Вампир улыбнулся, глядя в широко открытые глаза юноши.

– Я ужаснулся так же, как вы сейчас, и сразу отказался. Раб услышал мой голос и повернулся в нашу сторону, настороженно вглядываясь в темноту. Затем он быстро и молча выхватил из-за пояса длинный нож. Я пригляделся к нему повнимательней: это был здоровый и крепкий мужчина невысокого роста, голый до пояса. Он произнес какую-то фразу на местном французском диалекте и шагнул вперед. Лестат очутился у него за спиной с поразившей меня быстротой, молниеносным движением вцепился ему в горло и в руку, сжимавшую нож. Не видя ничего в кромешной тьме, раб закричал, попытался сбросить Лестата, но тот уже добрался зубами до горла.

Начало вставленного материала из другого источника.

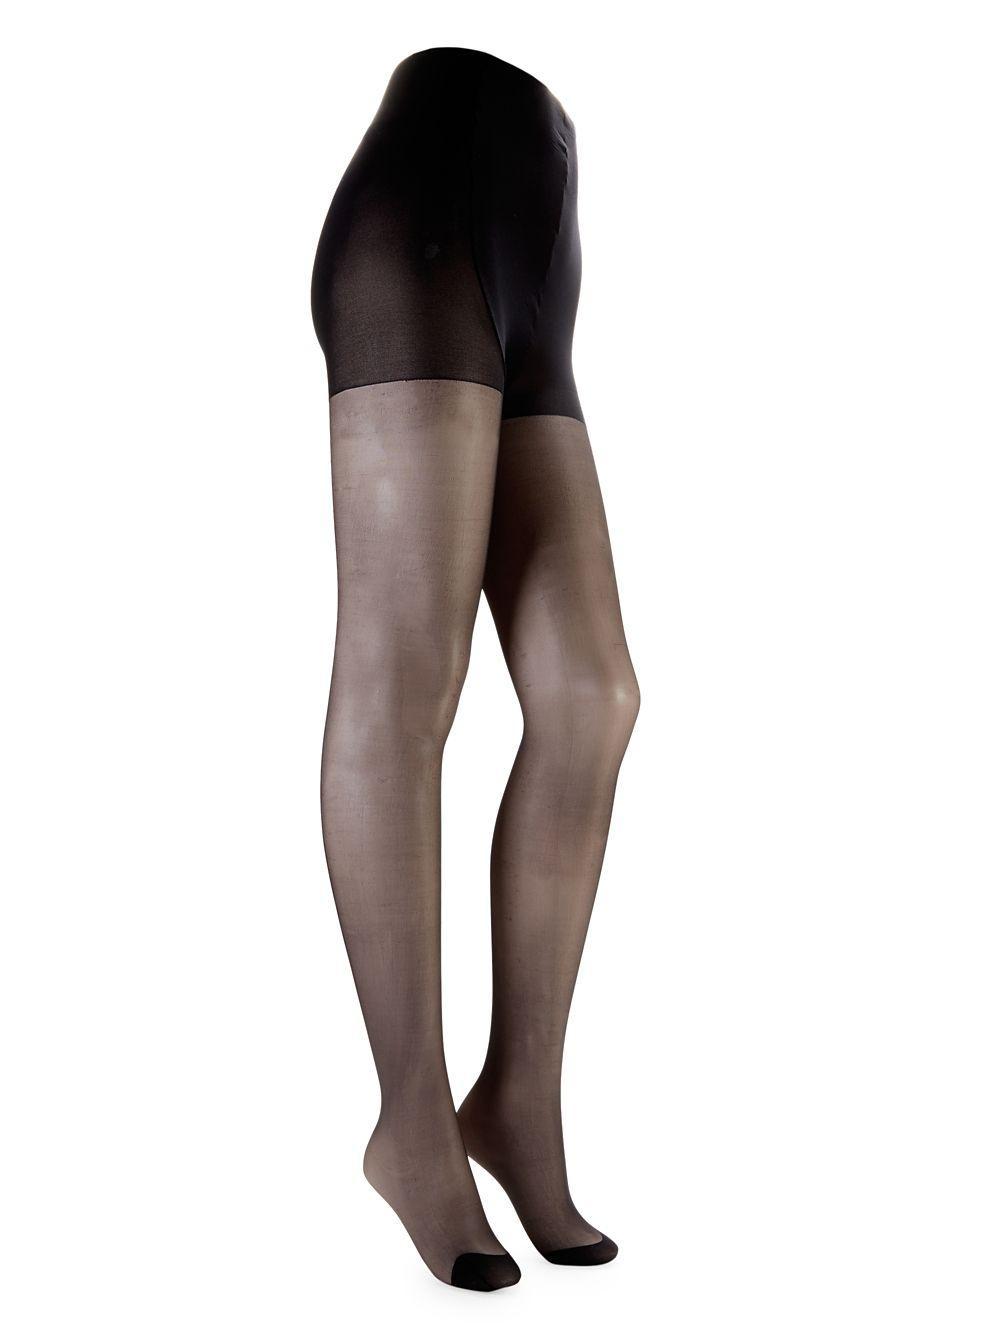 1bb5c4449cb4b Lyst - Pretty Polly Sheer Glossy Tights in Black - Save 5%

Парализованный, как от укуса змеи, раб упал на колени, а Лестат жадно и торопливо сосал его кровь, стараясь успеть насытиться до того, как подбегут другие. «Ты мне порядком надоел», – заявил он, когда обернулся ко мне. Все это время я стоял, не шелохнувшись. Словно насекомые, надежно укрытые темнотой, мы наблюдали за суетящимися и бегающими вокруг рабами. Они нашли раненого и оттащили его к костру, после чего, рассыпавшись веером, углубились в чащу, пытаясь найти нападавшего. «Пошли, надо поймать еще одного, прежде чем они вернутся», – сказал Лестат. Мы вышли из убежища в тени деревьев и бесшумно последовали за человеком, шедшим немного поодаль от других. Я был потрясен. Я не только не мог, но и не хотел нападать на него. Все могло быть иначе, если б Лестат правильно взялся за дело, и мой первый опыт убийства оказался бы куда богаче во многих отношениях.

– Что вы имеете в виду? – спросил юноша.

– Убийство для вампира – не только убийство. И это не значит просто до отвала насосаться свежей крови. Это значит почувствовать чужую жизнь; почувствовать, как она вместе с кровью медленно покидает тело. Убивая, я каждый раз умираю сам и рождаюсь заново, как в ту ночь, когда я сосал кровь Лестата и стук наших сердец слился воедино. Каждый раз это миг величайшего наслаждения, единственного наслаждения, которое доступно вампиру. – Он говорил очень серьезно, будто спорил с кем-то, отстаивал свое мнение. – До сих пор не могу понять, почему Лестат не чувствовал того же. А может быть, чувствовал, но скрывал. Так или иначе, ему не пришло в голову напомнить мне, как я припал к его окровавленной руке – во имя жизни – и не хотел отпускать ее. Он мог найти хорошее место, где я бы совершил первое убийство тихо и достойно. Но он торопился так, словно за нами кто-то гнался. Он догнал раба, бросился на него сзади, вцепился мертвой хваткой и подставил мне обнаженную шею несчастного. «Ну же! – крикнул он нетерпеливо. – Обратной дороги нет». Я подчинился, безвольно и с отвращением. Я встал на колени перед согнувшимся в железных руках Лестата, но продолжающим бороться человеком, придавил его плечи ладонями, добираясь до горла. Мои зубы еще не изменились окончательно, и приходилось вырывать целые куски кожи с мясом из живого тела. Но как только рана стала глубокой, и кровь хлынула бурным потоком, я припал к ней губами и начал пить… и все вокруг исчезло.

Лестат, болото, далекий шум в лагере – все перестало существовать. Волшебство повторилось, как в первый раз; я чувствовал, как бьется и затихает в моих руках теплое живое тело. И снова зазвучал барабан – удары его сердца, но теперь они четко совпадали с моим, переполняли мою душу и тело, потом ритм стал замедляться и превратился в долгий, тихий, бесконечный гул. Я парил, плыл в невесомости, и вдруг Лестат оттащил меня от жертвы. «Идиот, он давно уже мертв! – с присущей ему вежливостью сказал он. – Нельзя сосать кровь трупа. Запомни!»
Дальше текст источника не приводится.